Amendment No. 6” shall mean Amendment No. 6 to this Agreement, dated as of March 5, 2021, by and among the Borrower, the Guarantors, the Administrative Agent and the Lenders party thereto.

Amendment No. 6 Effective Date” has the meaning set forth in Amendment No. 6.

(b) Section 1.01 of the Credit Agreement is hereby amended by replacing the cross-reference to Section 7.01(b)(19) in clause (m) of the definition of “Permitted Investments” with a cross-reference to Section 7.02(b)(19).


(c) Section 7.09 of the Credit Agreement is hereby amended by amending and restating clause (c)(vii) in its entirety as follows:

“(vii) The Borrower and its Restricted Subsidiaries shall not make additional Investments (other than any Investment made pursuant to clause (m) of the definition of “Permitted Investments”) in Unrestricted Subsidiaries, Non-Guarantor Subsidiaries (or Persons who become Non-Guarantor Subsidiaries as a result of such Investments), joint ventures or Affiliates (other than any Affiliate that is a Loan Party) having an aggregate fair market value for all such Investments made during the Covenant Relief Period (as determined in good faith by the Borrower) in excess of $75.0 million.”

SECTION 2. Amendment Fee.

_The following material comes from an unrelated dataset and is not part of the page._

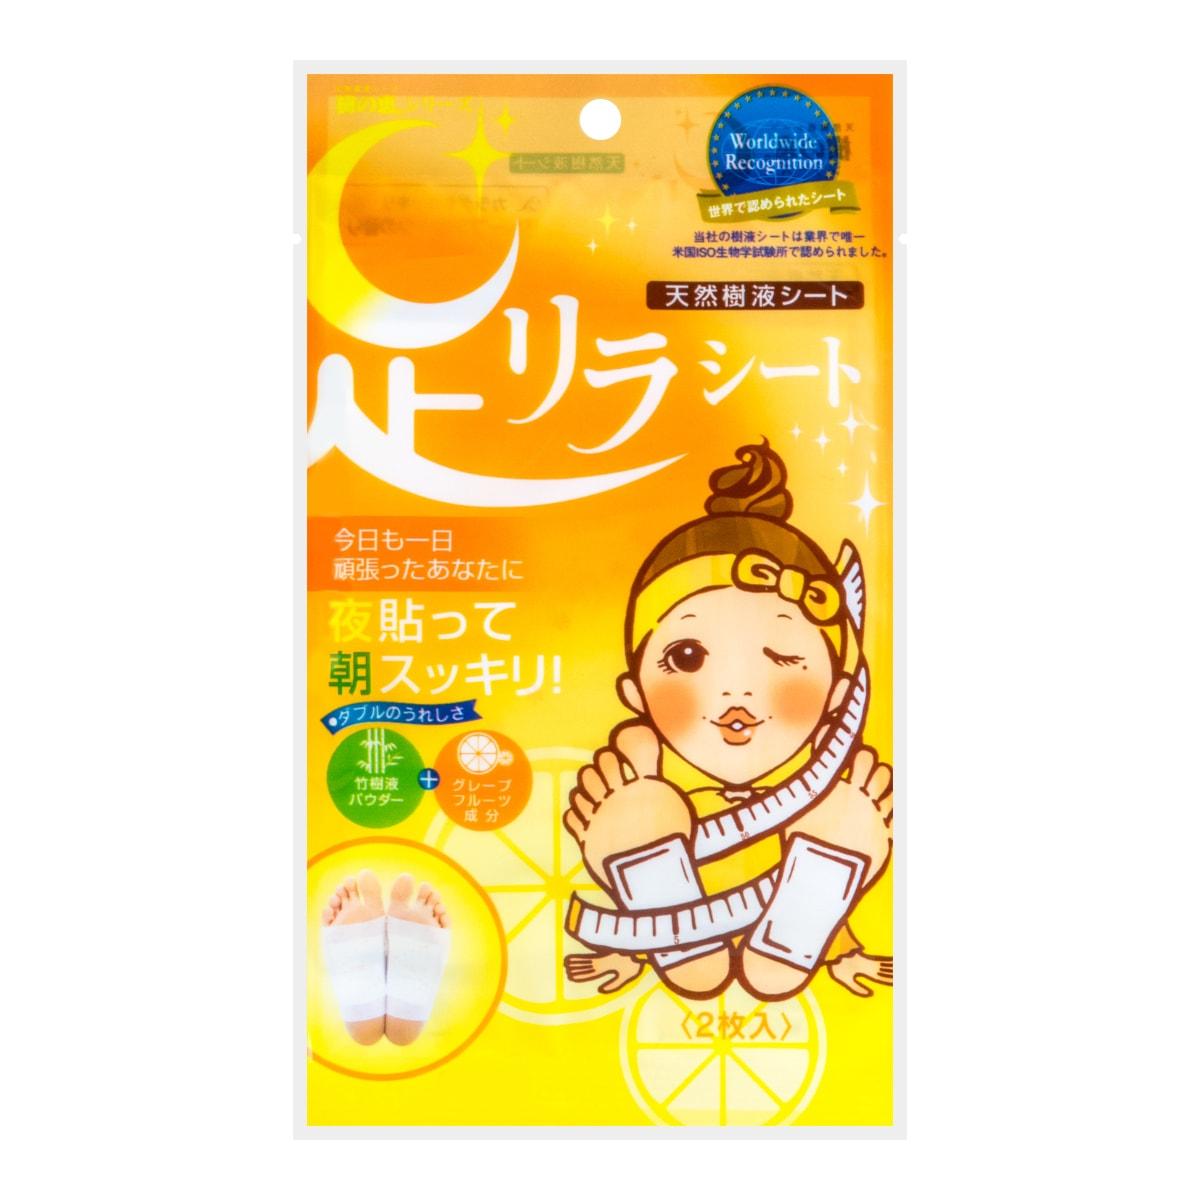 日本ASHIRIRA树之惠 天然树液瘦身减肥足贴 西柚成分 1对入

In consideration of the Revolving Credit Lenders’ agreements set forth herein, the Borrower agrees to pay to the Administrative Agent, for the account of each Consenting Lender (as defined below), an amendment fee (the “Amendment Fee”) in an amount equal to 4.88 basis points (0.0488%) of the outstanding principal amount of such Revolving Credit Lender’s Revolving Commitments as of the Amendment No. 6 Effective Date. The Amendment Fee shall be fully-earned, payable and nonrefundable on the Amendment No. 6 Effective Date. As used herein, “Consenting Lender” means a Revolving Credit Lender that executes and delivers to the Administrative Agent a signature page to this Amendment on or prior to 5:00 p.m. New York City time on March 4, 2021 (or, as to any Revolving Credit Lender, such later time or date as may be agreed by the Administrative Agent and the Borrower) and that does not revoke or otherwise withdraw such signature page prior to the effectiveness of this Amendment on the Amendment No. 6 Effective Date.

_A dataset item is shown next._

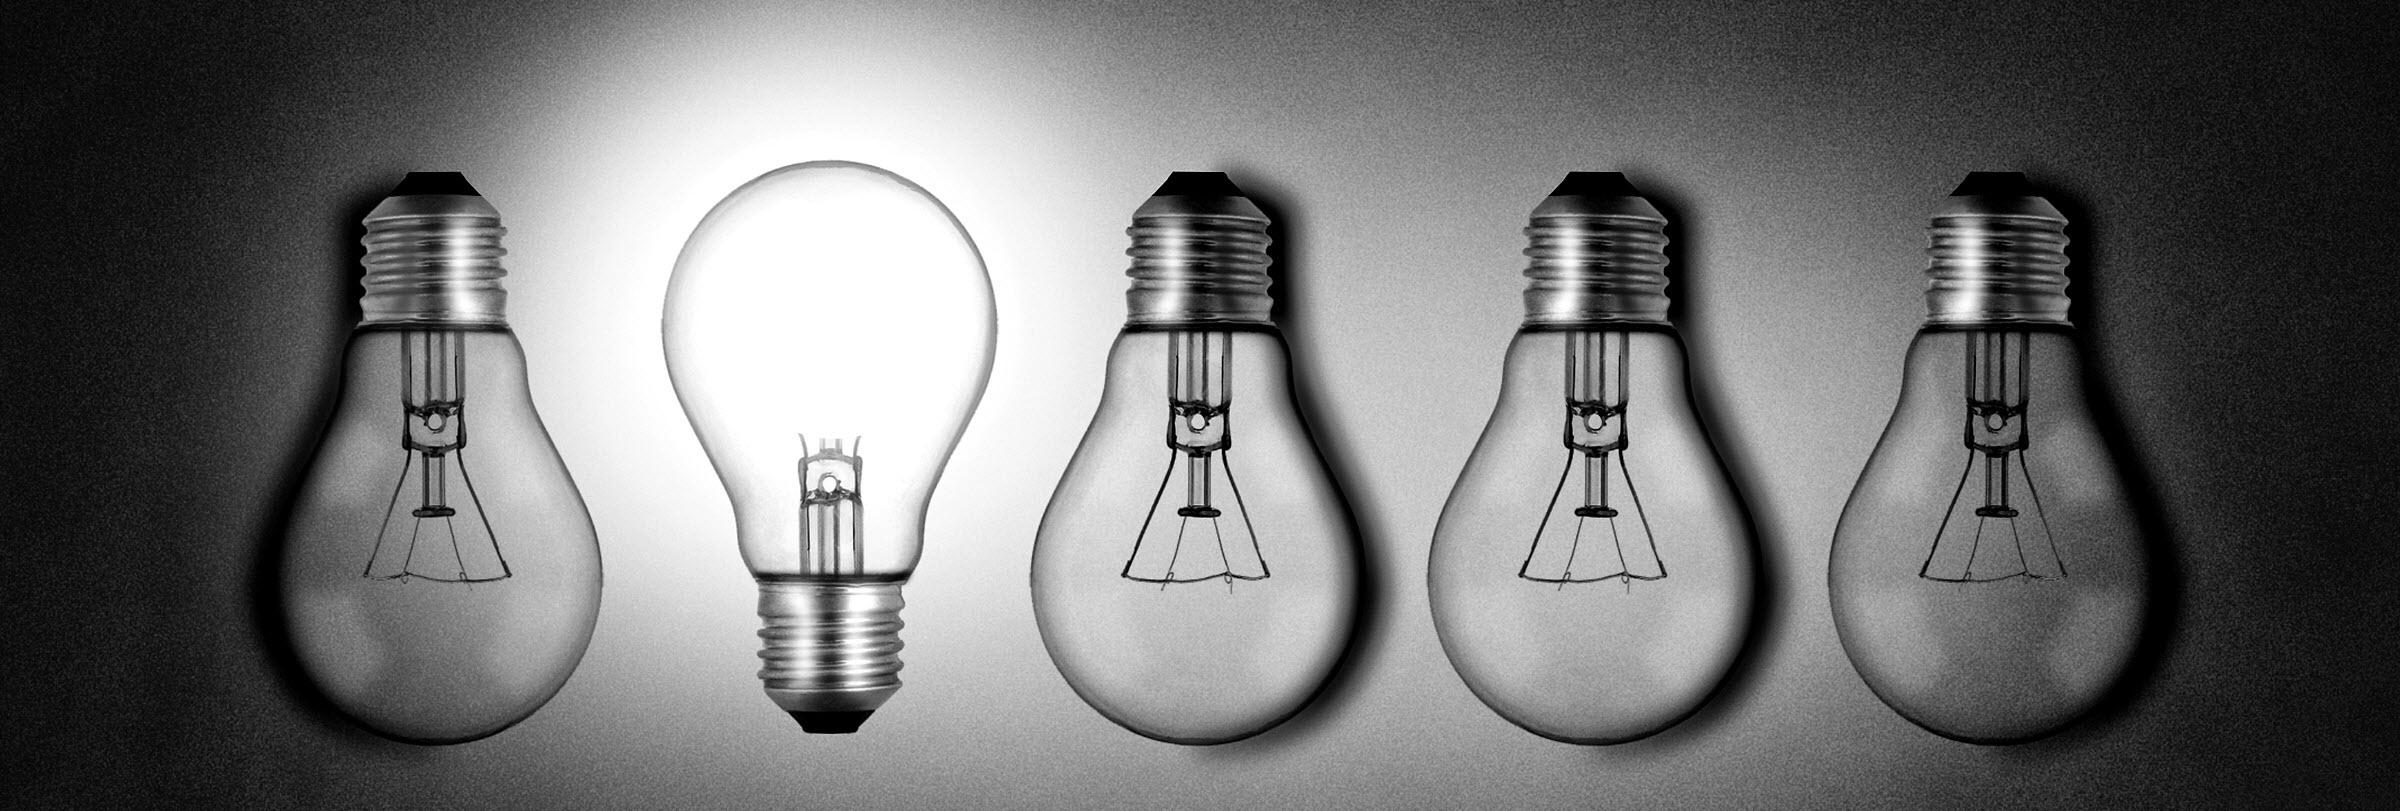 stockvault-illuminated-lightbulb-amid-dim-bulbs176767

SECTION 3. Effectiveness. This Amendment shall become effective on the date (such date and time of effectiveness, the “Amendment No. 6 Effective Date”) that each of the conditions precedent set forth below shall have been satisfied:

(a) the Administrative Agent shall have received executed counterparts hereof from each of the Loan Parties and Lenders constituting the Required Class Lenders for the Revolving Credit Facility;

(b) the representations and warranties of each of the Loan Parties contained in Section 4 hereof shall be true and correct on and as of the Amendment No. 6 Effective Date;

(c) to the extent invoiced prior to the Amendment No. 6 Effective Date, the Borrower shall have paid, or concurrently herewith shall pay, all reasonable and documented out-of-pocket expenses of the Administrative Agent in connection with this Amendment (including the reasonable fees and expenses of Cahill Gordon & Reindel LLP, counsel to the Administrative Agent); and

(d) the Administrative Agent shall have received the Amendment Fee on behalf of the Consenting Lenders.

 

-2-


SECTION 4. Representations and Warranties. In order to induce the Revolving Credit Lenders and the Administrative Agent to enter into this Amendment, each of the Loan Parties represents and warrants to each of the Revolving Credit Lenders and the Administrative Agent that, as of the Amendment No. 6 Effective Date, both before and after giving effect to the transactions contemplated by this Amendment:

(a) no Default or Event of Default exists; and

(b) the representations and warranties of each Loan Party contained in Article V of the Credit Agreement (other than, for the avoidance of doubt, Section 5.17(b)) or any other Loan Document are true and correct in all material respects on and as of such date (except, to the extent that such representations and warranties specifically refer to an earlier date, they are true and correct as of such earlier date); provided, that, to the extent that such representations and warranties are qualified by materiality, material adverse effect or similar language, they are true and correct in all respects.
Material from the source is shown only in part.